On est saisis d’horreur en voyant les photos, en regardant les vidéos,
en lisant les témoignages. Israël, dans son aveuglement, semble
déterminer à en finir, et à entraîner le plus de monde possible dans sa
chute. Au fond, à qui cette situation profite-t-elle ? En d’autres
termes : Cui bono ? (À qui profite le crime ?). À terme, certainement pas à Israël. Pour
apporter un début de réponse, peut-être est-il utile de lire cette
analyse perspicace tirée de l’ouvrage de Laura Knight-Jadczyk et Joe Quinn, 11 septembre, l’ultime vérité :La
nation d’Israël, le peuple juif, ont tant souffert et pendant si
longtemps qu’ils ne savent tout simplement plus en qui avoir confiance.
Sur ce,
arrivent des religieux fanatiques – les sionistes – qui font tout leur
possible pour attiser les sentiments antisémites, et qui appellent tous
leurs frères juifs à s’unir et à se rassembler en Israël – la Terre
Promise de leur religion ; un scénario qui s’est déjà produit de
nombreuses fois au cours de l’Histoire. Observer cette tendance
auto-destructrice est non seulement douloureux, mais laisse aussi un
sentiment de désespoir. Ça ne va pas recommencer ! Cela
nous attriste, car nous entendons des réactions d’écœurement s’élever
d’un peu partout. C’est d’elles que se nourrit le mouvement des brutes
néo-nazies ; on l’entend même à la caisse du supermarché. Ce
torrent de colère et d’amertume creuse son sillon dans l’inconscient
des non-juifs, et ouvrira la voie à un nouvel Hitler. Seulement, cette
fois, ce ne sera pas qu’une histoire de conflit entre un Allemand et
des forces alliées prêtes à lui faire mordre la poussière. Il poussera
à nouveau ce cri hideux, ce cri qui semblera justifié par les actions
des juifs eux-mêmes, qui auront marché droit dans le piège.
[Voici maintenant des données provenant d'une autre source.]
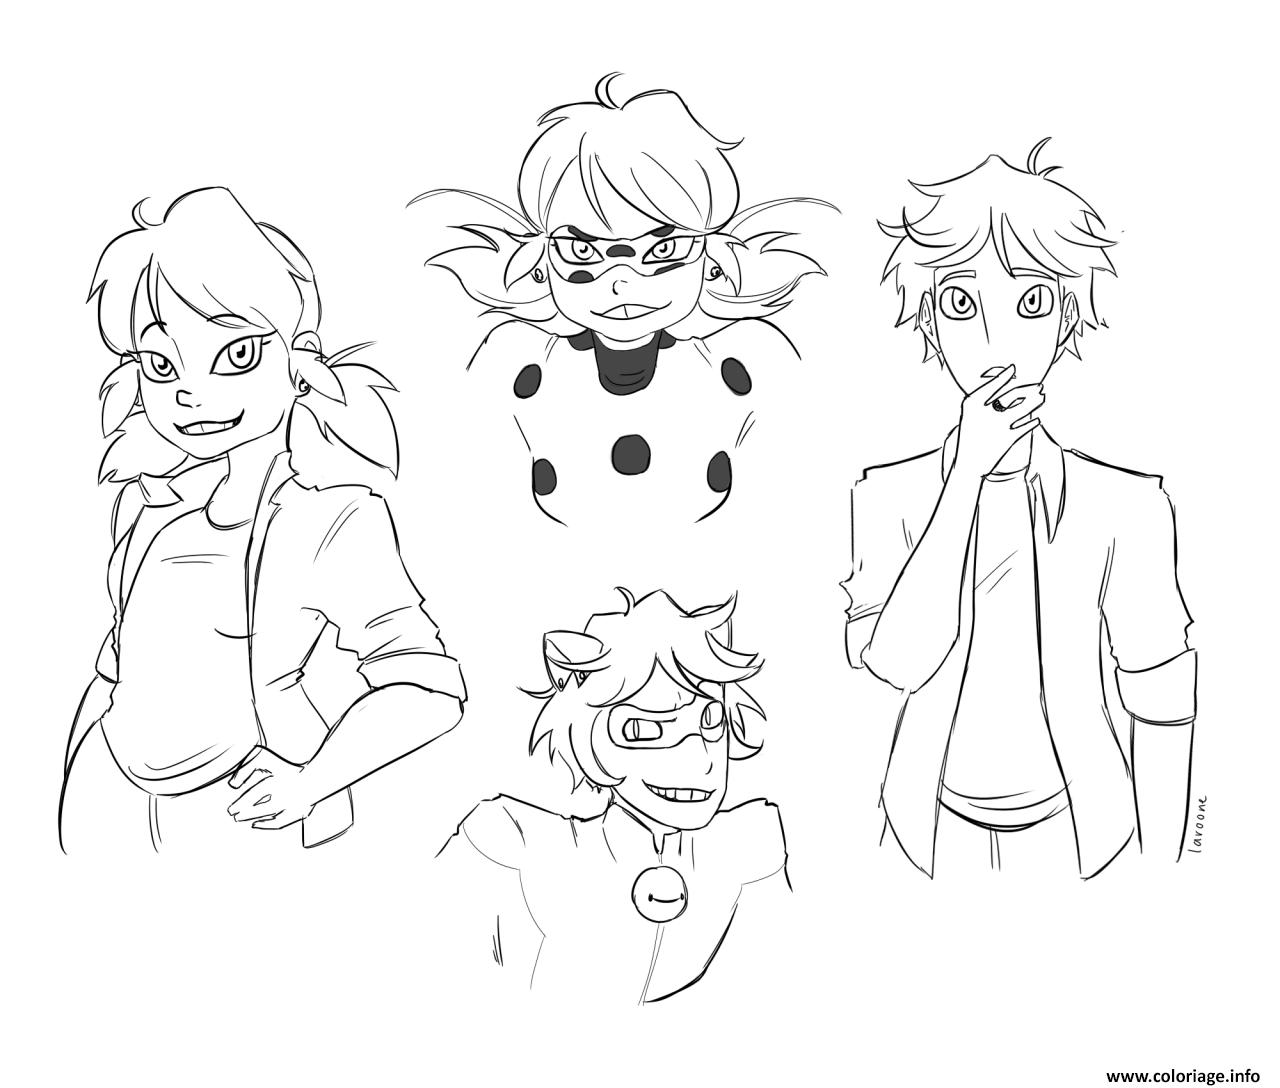 Coloriage Personnages Demiraculous Ladybug Chat Noir Dessin

Tous les
problèmes seront présentés comme venant des juifs, d’Israël… et il (ou
ils) proposeront une solution très simple à ces problèmes : ils feront
remarquer que les juifs sont tous rassemblés en un seul lieu (ou
du moins, qu’ils sont tous repérables, puisqu’ils appartiennent tous à
des clubs ou des synagogues – en effet, ces bons sionistes ont tout
fait pour les rassembler au sein du troupeau) ; alors, on pourra
ressusciter la « Solution Finale ». Et l’humanité ne se rendra pas
compte qu’elle s’est fait avoir. Depuis le
déclenchement de la Guerre d'extermination contre la population
Palestinienne de Gaza, le Sionisme s'est férocement "lâché" et montre
désormais son vrai visage, celui d'une idéologie coloniale fasciste
raciste qui pratique la terreur à grande échelle contre les
Palestiniens mais aussi contre les Juifs du monde entier sommés
d'apporter leur soutien et de le manifester sans vergogne sur la place
publique, incitant ainsi à l'antisémitisme (ce que veulent les
Sionistes) ou d'être calomniés et traités comme des pestiférés, car
selon cette doctrine sectaire mortifère, sans l' " Etat d'Israël"
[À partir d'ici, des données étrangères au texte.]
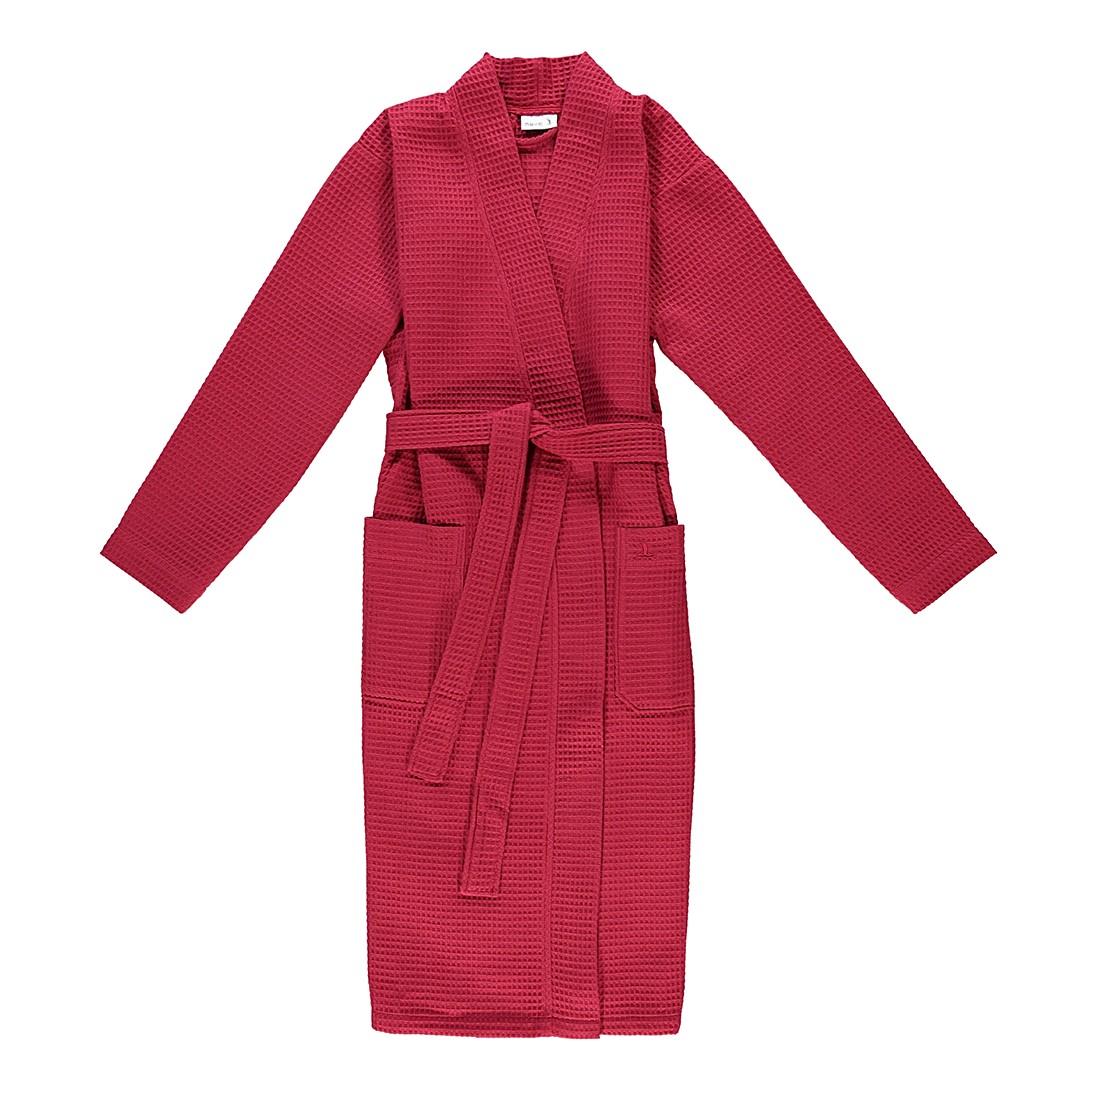 Bademantel unisex Pique Homewear – 100% Baumwolle ruby – 075 – Größe: S, Möve günstig online kaufen

(Eretz Israël) point de salut pour eux.
En effet les sionistes encouragent l'antisémitisme, qui sert leurs
objectifs. Lors de la Seconde Guerre mondiale, des sionistes
s'entendirent avec les nazis sur la persécution des juifs. Une telle
union peut paraître absurde, mais c'est en réalité tout à fait logique,
quand on connaît la psychopathie. La grande différence entre les
humains n'est pas une différence de "race" ou de religion, mais de
conscience : les psychopathes en sont dépourvus. En prédateurs dénués
de scrupule et de capacité d'empathie, ils s' "unissent" naturellement
pour exploiter et détruire les non-psychopathes – cette société d'êtres
humains normaux qui menacent leur règne par le simple fait de leur
existence. En
novembre 1947, en plein après-guerre [...], les Nations unies (fondées
à la fin de la Seconde Guerre mondiale) votèrent la partition de la
Palestine en un État juif et un État arabe. On pourrait aller jusqu’à
dire que ce vote fut la conséquence directe des événements de la
Seconde Guerre mondiale, et beaucoup
suggérèrent que les sionistes avaient été complices du meurtre de
millions de juifs dans le but exprès de susciter un sentiment de
culpabilité et de compassion à l’égard du peuple juif, afin de le
placer dans une position de « droit moral » irréfutable envers la
Palestine. À ce propos, le lecteur sera peut-être intéressé par la lecture de l’ouvrage de Lenni Brenner, 51 Documents : Zionist Collaboration with the Nazis [51 documents sur la collaboration des sionistes avec les nazis – NdT], qui
contient de nombreux documents historiques prouvant que certains
sionistes encouragèrent l’Holocauste juif, afin de justifier
l’établissement d’un « foyer national » juif en Palestine. […] La
société sioniste israélienne, intellectuels, universitaires inclus, est
agitée par un profond déni de l'odieuse réalité dans laquelle elle a
plongé toute la population Palestinienne de Gaza, signe qu'elle est
profondemment et dangereusement psychotique. Qui va enfin oser passer la camisole de force au Sionisme ? Il semble qu’un certain nombre d’Israéliens et de sionistes de par le monde souffrent d'un déni de réalité : Stanley
Cohen décrit le déni comme un « mécanisme de défense inconscient
permettant de supporter la culpabilité, l’anxiété et autres émotions
perturbantes suscitées par la réalité ». [Le
déni peut être délibéré et intentionnel, de même que totalement
subconscient. Un individu qui nie délibérément et intentionnellement
quelque chose, use, à un niveau individuel, de mensonge, de
dissimulation et de tromperie] Les différents types de déni incluraient : – Le déni d’objet – Le déni de sens – Le déni de conséquences Ils
vont de la pure et simple négation de la réalité de faits constatés, au
changement du sens d’une expérience donnée, jusqu’au refus des
conséquences morales de la reconnaissance profonde d’une vérité donnée.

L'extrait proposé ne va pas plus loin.